# What's a good alternative to the S&W Model 28?



## kbconsul (Feb 17, 2013)

When I moved to Florida from Montana I sold my trusty S&W Highway Patrolman; I'm finally flush enough to pick up another .357 but the Model 28's are hard to come by. What's a good alternative in S&W or another double action .357? I'm not married to a 6" barrel, but wouldn't want to go real short. I loved that I could practice with inexpensive 38 special rounds in the Model 28. Also, what's the best value in a S&W 38 spl?

Sorry if this has been addressed in the forums already; I'm new to this site and can't seem to search this matter with any luck...

Ken in Florida


----------



## VAMarine (Dec 25, 2008)

New? the 686 family. You could always try and find a used model like you had, they're out there.


----------



## jtguns (Sep 25, 2011)

VA is right with going for the L frame 586 (blue) or 686 (stainless) the weight would slightly less than the N frame mod, 28. Look around for used and you might look at the K frame Mod 19 or 66, have all of the above and weight and felt recoil are real good on the L Frames. But my first gun that I bought for myself was a 6 inch Mod 19 and has been one of my best friends for ever and always a fun gun to shoot. 
Shoot safe and have fun doing it.
JT


----------



## Ford Truck (Jan 7, 2008)

I, too parted with a S.&W. Mod. 28. Alas, there is no replacement. :smt022


----------



## rustygun (Apr 8, 2013)

S&W still makes the 27. Which is an N frame .357/ .38 special. I recently got a new 586 with a 4 inch barrel that I really like. S&W make a lot of nice variations in 686. The 686 plus holds 7 rounds which is cool, the performance center has some really nice options also. I would check them all out to see what suits your need. I would say you cant go wrong with any of them.


----------



## GCBHM (Mar 24, 2014)

The 686 is probably the most popular S&W .357 and most common to find today. I and a Model 65, which was an old police pistol. It had a 3" barrel, and was a pretty nice gun.


----------



## Redcoat3340 (Oct 21, 2014)

If I were going to buy another .38 S&W I'd look for a model 10 or 15 (I have 4). Anything in an older K frame. If you're looking for a shooter and not a collector piece, either would do you just fine. Prices are affordable as well. Try gunbroker to get a sense of what's available and what prices could be. You'll probably do better in a local pawn shop or LGS, but gunbroker is a good place to get a price range.


----------



## GCBHM (Mar 24, 2014)

I'm shocked by the prices these old S&Ws are bringing. I got $300 for that old model 65 that I traded for a M&P, and I felt it was a pretty good deal until I saw an identical 65 (USED) on the shelf for over $900 at two different stores recently. Actually, I believe both listed for $985. That's nearly $1000 for a USED S&W Model 65. Granted, that was some three years after I traded my 65, but friends...that is inSANE!!!


----------



## Ratpacker (Mar 7, 2013)

GCBHM said:


> I'm shocked by the prices these old S&Ws are bringing. I got $300 for that old model 65 that I traded for a M&P, and I felt it was a pretty good deal until I saw an identical 65 (USED) on the shelf for over $900 at two different stores recently. Actually, I believe both listed for $985. That's nearly $1000 for a USED S&W Model 65. Granted, that was some three years after I traded my 65, but friends...that is inSANE!!!
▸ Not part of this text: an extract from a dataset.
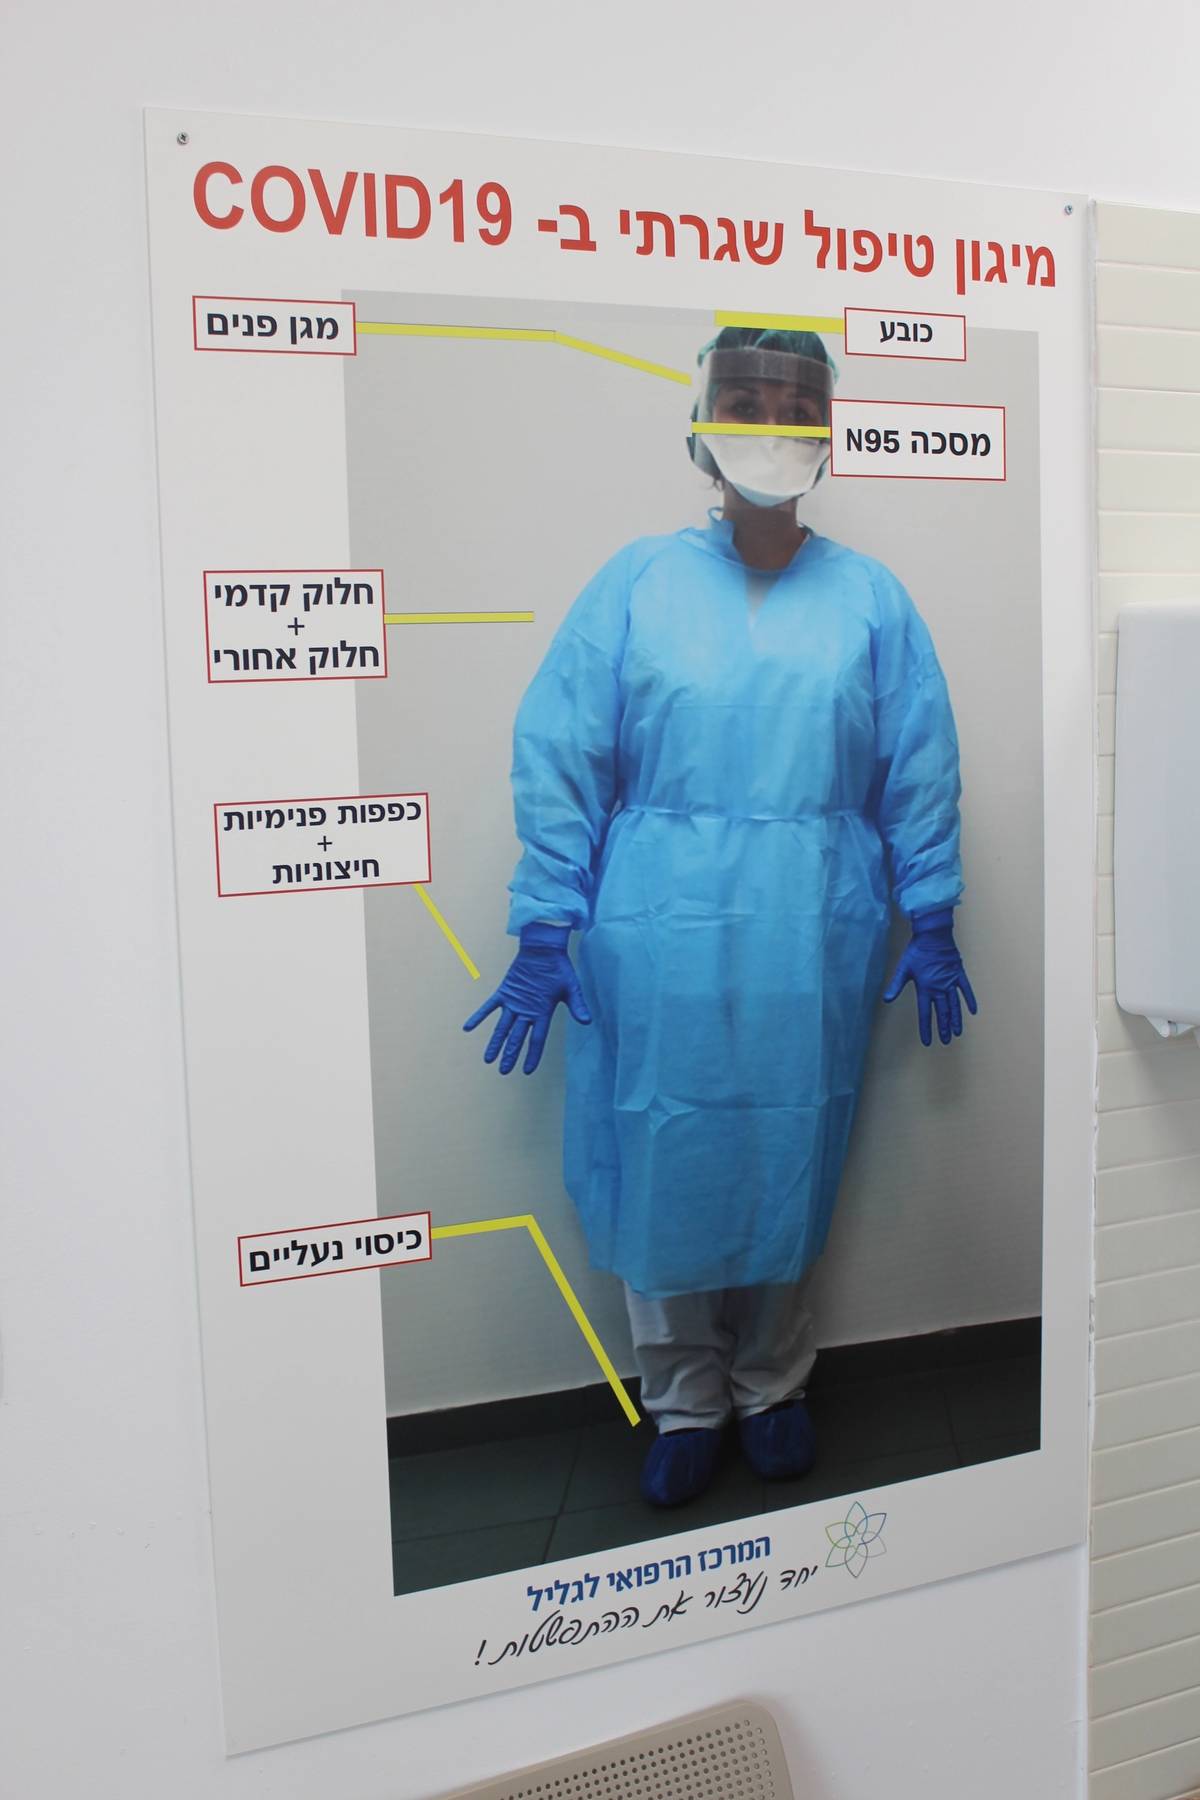 A poster at the Galilee Medical Center demonstrates proper use of personal protective equipment

Any price over 6 small... is cause for a head exam.


----------



## rex (Jan 27, 2012)

The 28 was nothing more than a 27 with matte, cheaper finish to keep cost down for LE purchases.

If you shoot a lot of full bore loads stay with the 27, then the 5/686 in a Smith, you'll beat up a K frame. For max strength go Ruger fullsize frame.


----------



## Biba (Dec 12, 2014)

There are 17 S&W 28-2 on GunBroker today...


----------



## .22M.R.F (Mar 13, 2010)

Have to agree with "rex", orginally the Highway Patrolman was the "alternative" to the .357 Magnum (pre M-27) "plained" down so Law Enforcement could afford to purchase them, same revolver just no checkering on top of the barrel & frame with a dull, instead of Bright Finish. Forgot to mention they were only offered in two barrel lengths, the 4" & 6".
Keep looking, they do turn up for sale at Gun Shows but their value has increased as has most other good old S&W revolvers.


----------